Cegueira moral e o veneno nas garrafas de São Paulo
A investigação sobre bebidas adulteradas revela o retrato de um país onde a ganância supera a consciência e o lucro vale mais que a vida
Por Yasmim Borges
A operação da Polícia Civil que desmantelou uma fábrica clandestina em São Bernardo do Campo não é apenas mais um caso policial. É o retrato de um país que se acostumou a normalizar o absurdo, onde vender álcool de posto em garrafas de gin virou negócio, e não crime hediondo. O delegado Artur Dian foi claro ao afirmar que o primeiro ciclo das investigações fechou toda a cadeia, da coleta de garrafas usadas à mistura letal de etanol e metanol. Mas o problema vai além do laboratório improvisado de Vanessa Maria da Silva e do marido.
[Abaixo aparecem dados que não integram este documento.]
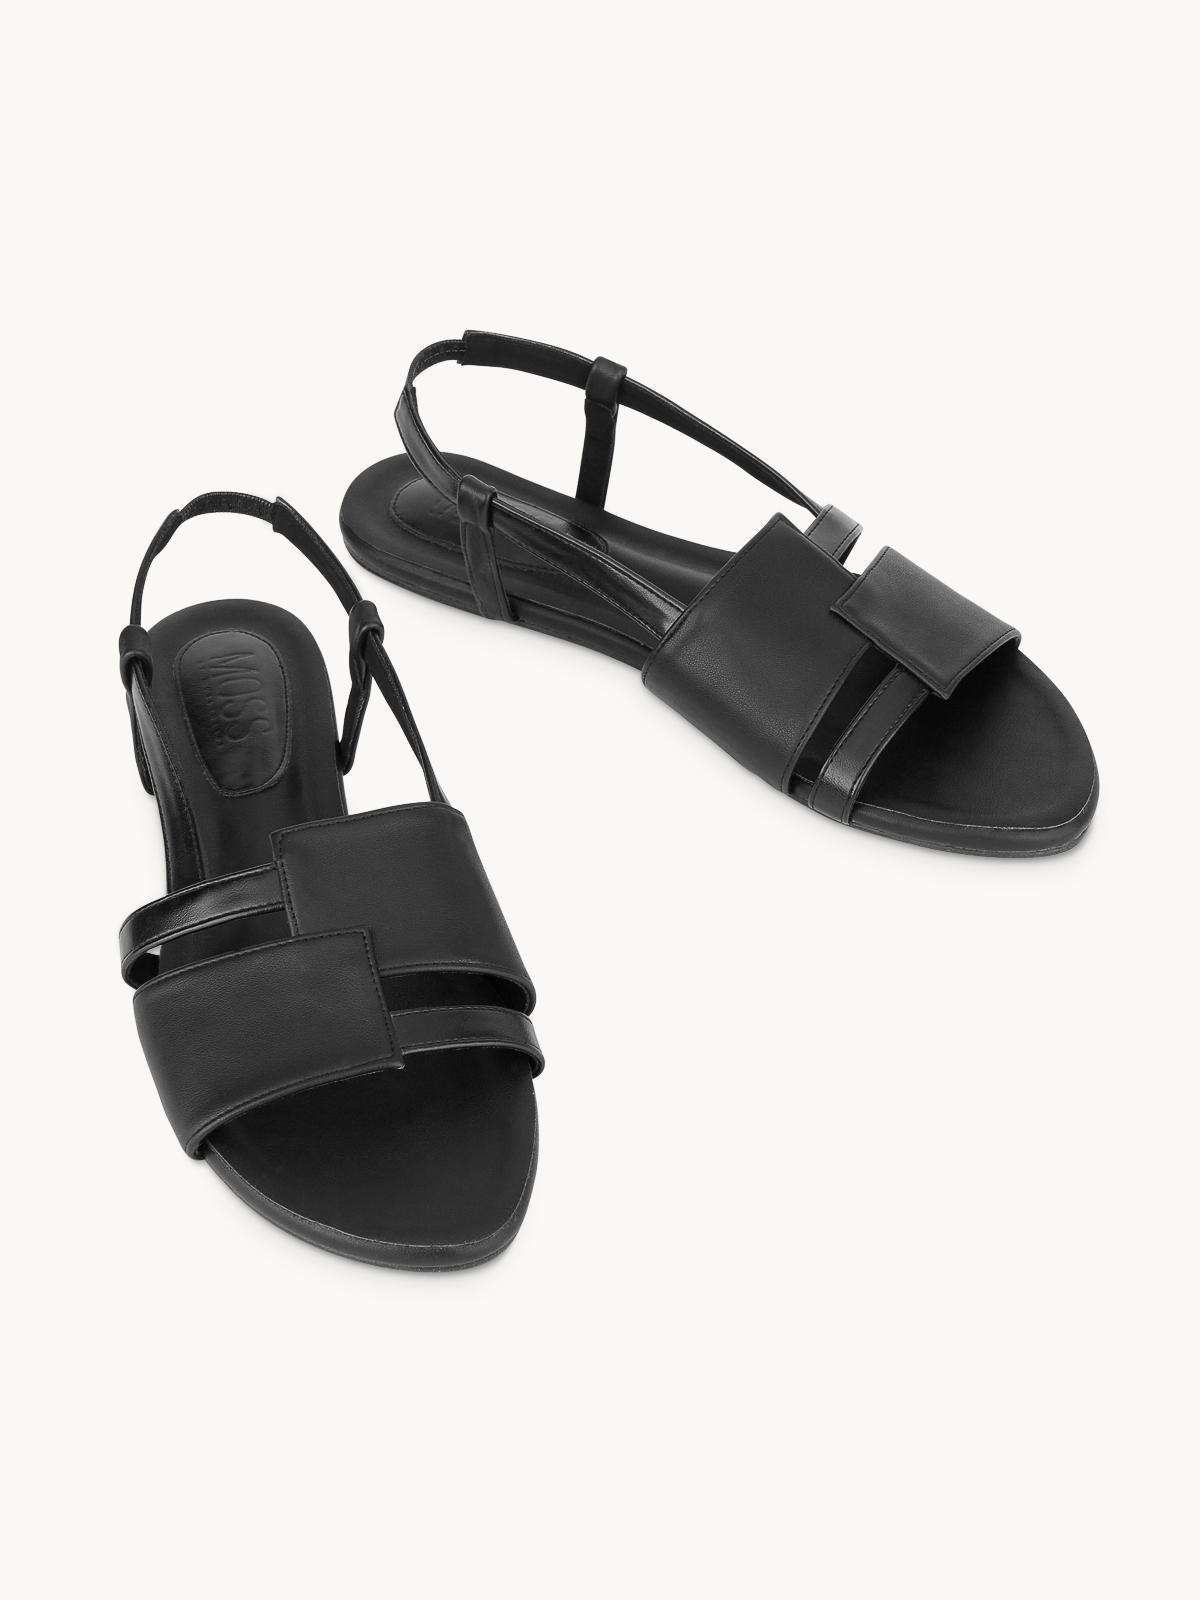 Mosstories Open Toe Flat Sandals Black

Ele começa no garrafeiro que fornece o vidro, no posto que vende o combustível adulterado e termina na mesa do consumidor enganado.
O discurso de que “não sabiam” que o produto continha metanol é uma afronta à inteligência e à moral. A pessoa que manipula substâncias químicas e engarrafa bebidas falsificadas sabe que está brincando com a saúde e a vida de outros. Não é ignorância, é descaso. E quando vidas são perdidas, quando alguém perde a visão por causa dessa irresponsabilidade, a desculpa não basta. É preciso punição exemplar.
Mais de 100 mil garrafas já foram destruídas. Um gesto necessário, mas ainda simbólico. Enquanto o lucro fácil continuar valendo mais do que a segurança pública, novas fábricas surgirão e novas vítimas aparecerão. O Estado tem o dever de endurecer a fiscalização e, sobretudo, regulamentar de forma rigorosa a reutilização de garrafas, um mercado que alimenta o submundo das bebidas adulteradas.
A sociedade também precisa abrir os olhos. A ganância de poucos está custando a vida de muitos. E essa cegueira moral é tão perigosa quanto o metanol que corrói a visão e a consciência de quem insiste em lucrar com o que mata.